Pakistan’s educational discussions surrounding the Single National Curriculum (SNC) extend far beyond simple textbook debates. The fundamental issue centers on equity: can students in public schools achieve educational outcomes comparable to those of students at well-funded private institutions?
This question grows increasingly critical as Pakistan’s educational challenges have evolved into a broader national development emergency. The most recent UNDP Human Development Report (published May 6, 2025) categorizes Pakistan within the “low human development” bracket, showing an HDI score of 0.544 and ranking 168th among 193 nations. Put simply, today’s poor educational achievements are creating tomorrow’s reduced productivity, limited job prospects, and lower earnings.
SNC advocates believe that establishing shared minimum standards can help bridge inequality gaps by ensuring students across different schools pursue comparable learning objectives. However, skeptics highlight concerns about inconsistent implementation abilities, insufficient teaching staff, and the danger that standardization might overlook Pakistan’s rich diversity.
Nevertheless, even those who oppose the current approach recognize an undeniable truth: Pakistan requires improved educational results on a large scale. This has prompted discussions to evolve from “what the syllabus contains” to “how education gets delivered and evaluated.”
Artificial intelligence won’t substitute human educators. However, it can assist Pakistan in achieving SNC goals more efficiently through customized learning experiences, educator assistance, and early detection of educational challenges.
The government’s Indus AI initiative and Indus AI Week 2026 (February 9–15, 2026) communicate clearly: Pakistan aims to structure its AI development around capabilities, implementation, and governance.
However, national initiatives must demonstrate success where it matters most: in actual learning environments. For Indus AI to establish trust, it must produce observable educational achievements, deploy teacher resources, measure foundational learning experiments, and establish sustainable provincial partnerships.
Without this, Pakistan risks repeating familiar patterns: events and declarations without consistent follow-through.
Pakistan’s entrepreneurial environment has historically faced challenges with early investment capital and growth opportunities.
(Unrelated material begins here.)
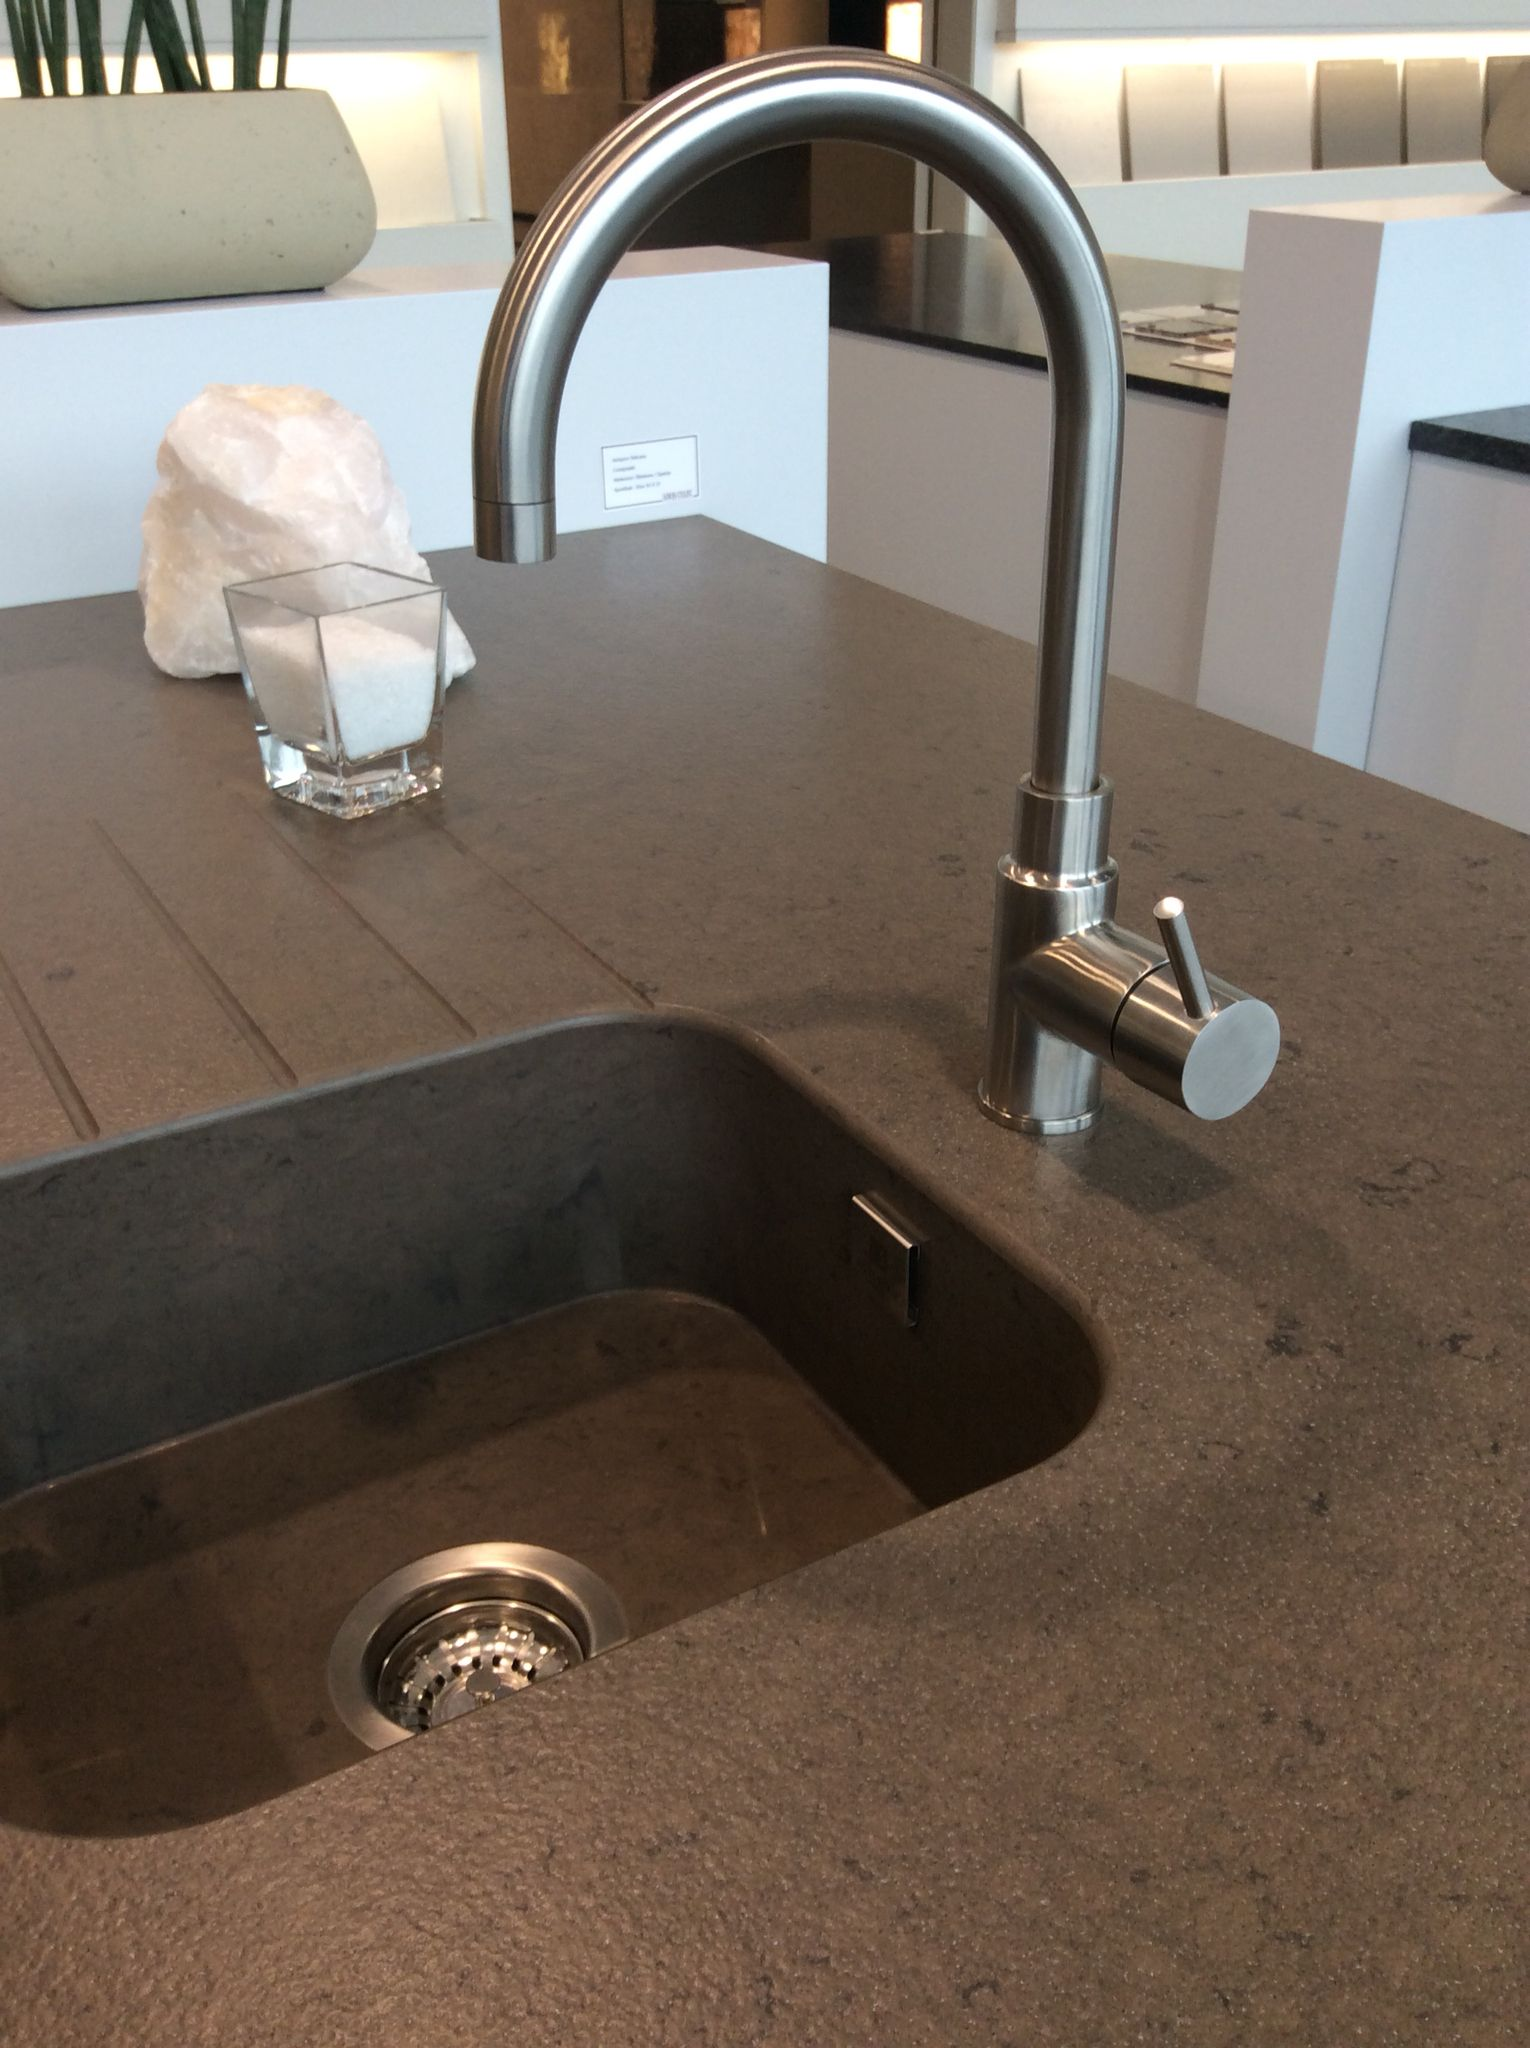 Silestone Amazon Volcano Integrity Sink Louis Culot Keukenwerkbladen Kuche
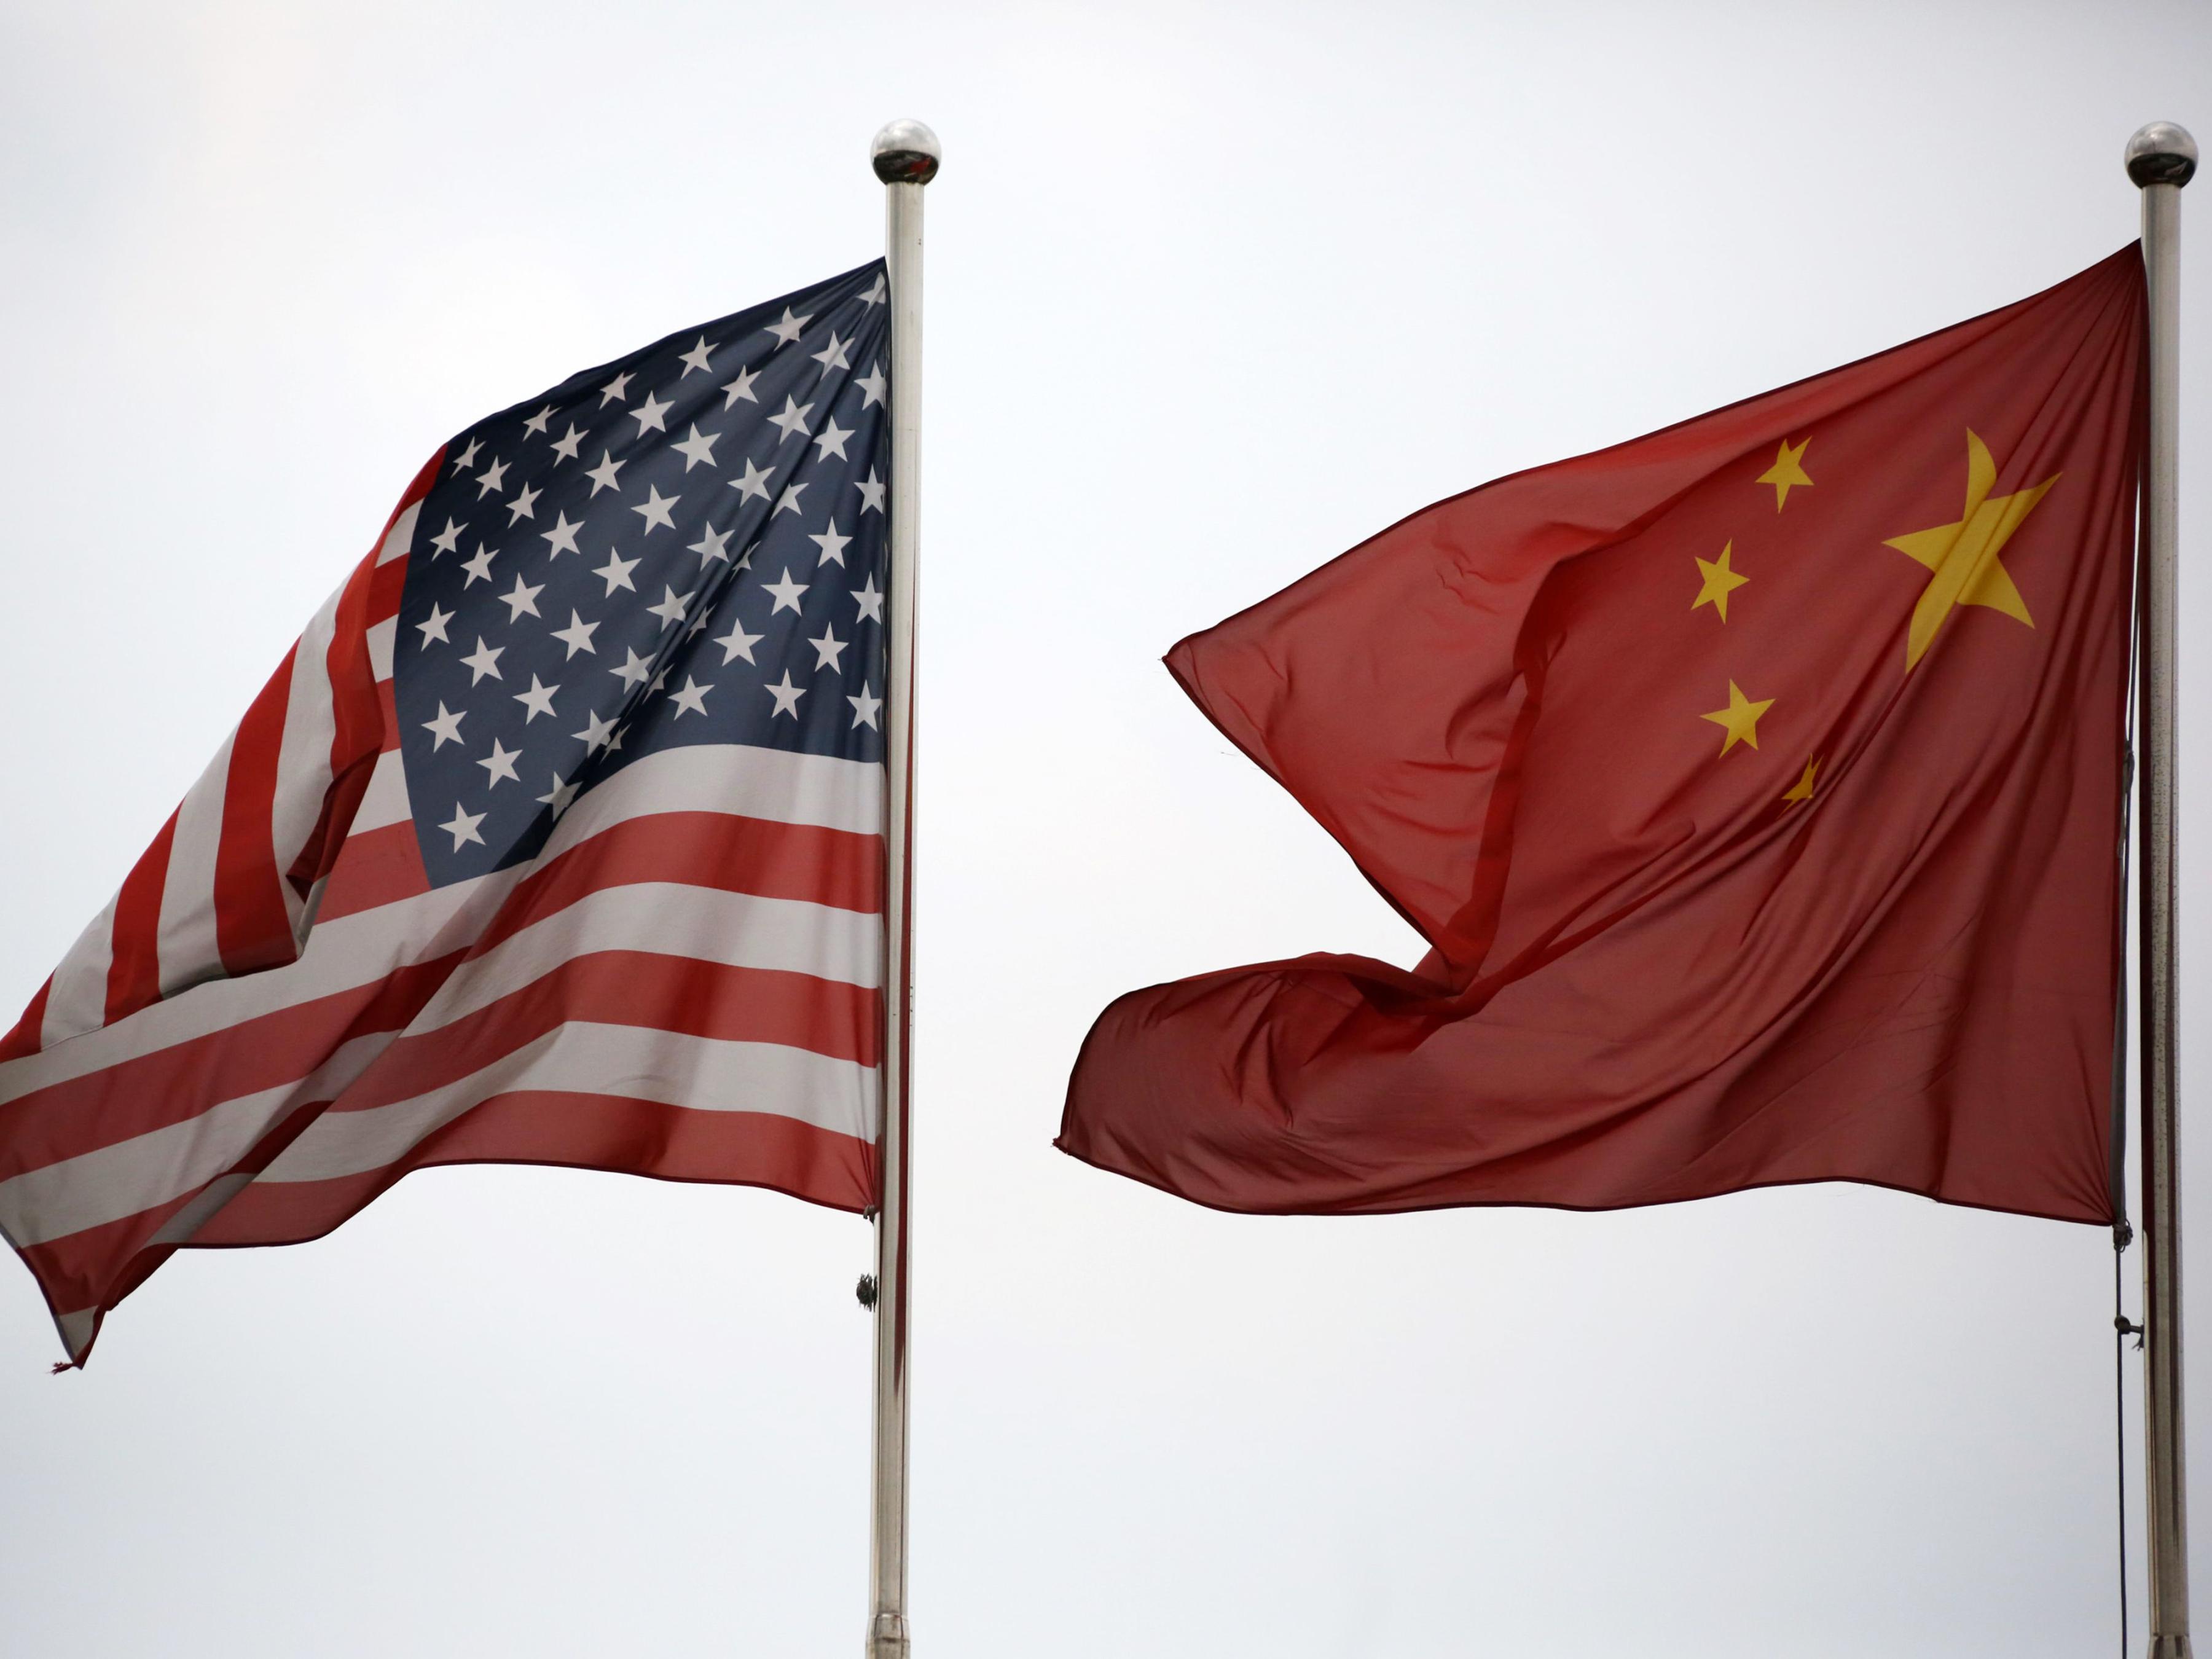 U.S. and China Trade

Government programs like the Pakistan Startup Fund demonstrate commitment to improving financing and attracting additional investment.
Policy developments also suggest strengthening venture capital support systems connected to innovation and financial technology.
Yet funding alone won’t solve educational technology adoption challenges. The missing element is market demand: provinces must establish clear learning objectives, create transparent testing procedures for pilot programs, and assess solutions based on results rather than promotional materials.
When government becomes a reliable purchaser of educational outcomes, private investment naturally follows.
Educational AI cannot succeed on enthusiasm alone. It requires regulations and trust.
Pakistan needs established standards that define what “SNC-aligned” means for content, evaluation, and quality control. It requires evidence-based purchasing, so pilot programs expand only when learning improvements are documented. It needs comprehensive child data security, since educational information is sensitive and must never serve commercial targeting purposes.
Most importantly, Pakistan must prioritize educator training. The most effective AI approach puts teachers first: train educators, provide them with tools, and recognize improvements in student learning.

Dr. Shahbaz Tariq is Head of Research at Freedom Gate Prosperity (Islamabad). With 15+ years’ experience across NGOs, a diplomatic mission, and academia, he holds a PhD in Finance and specialises in governance, accountability, donor compliance, and evidence-based policy research.